Instructions to follow:
Beneath this task are records; count the lines among them that contain the word "Photo" and answer with the number only.

Records shown:
((
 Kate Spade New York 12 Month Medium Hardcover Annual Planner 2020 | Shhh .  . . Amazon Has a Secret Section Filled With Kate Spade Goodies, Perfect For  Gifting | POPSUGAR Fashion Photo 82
))
((
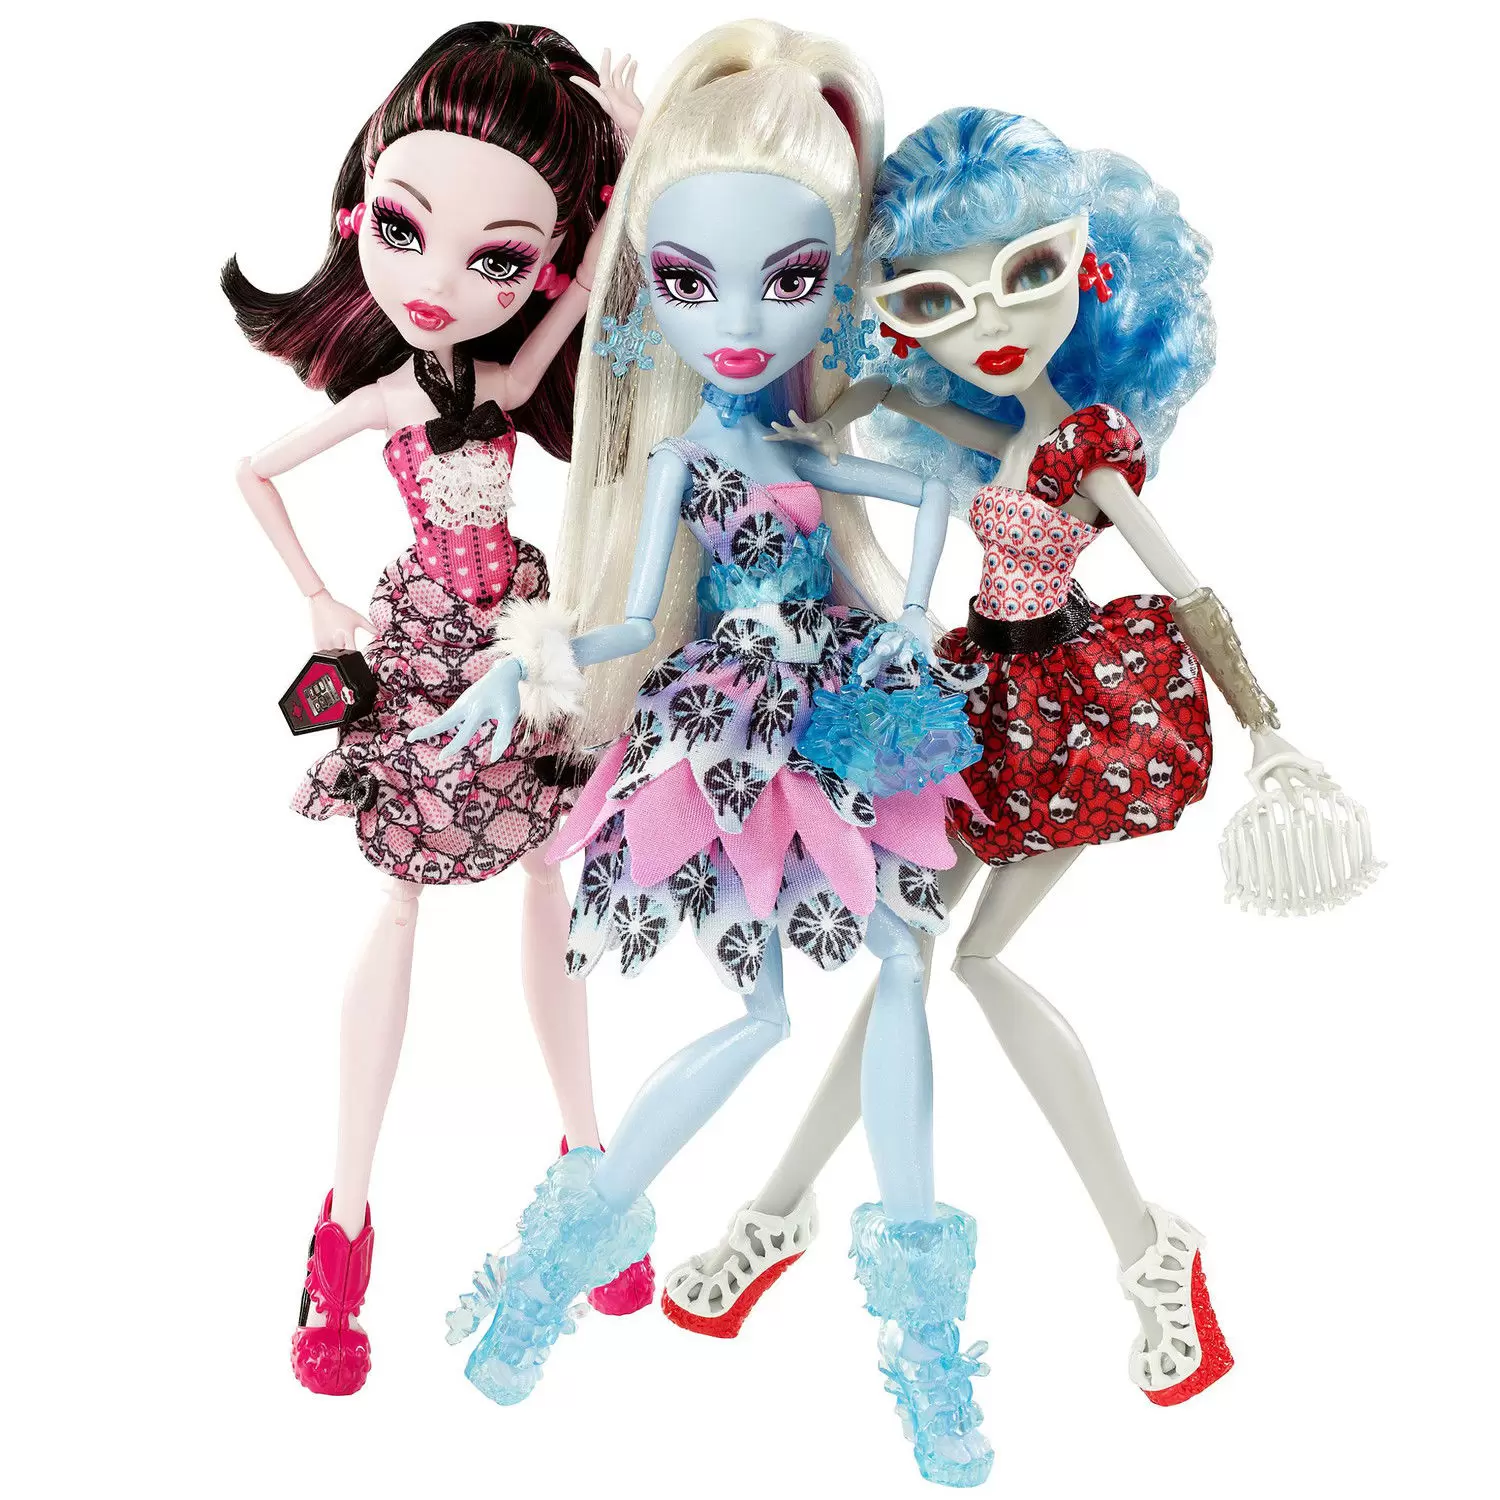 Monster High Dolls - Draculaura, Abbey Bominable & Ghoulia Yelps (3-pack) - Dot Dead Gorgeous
))
((
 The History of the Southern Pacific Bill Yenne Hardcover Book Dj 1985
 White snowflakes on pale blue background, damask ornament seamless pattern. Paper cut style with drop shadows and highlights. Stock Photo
))
Answer to the exercise:
2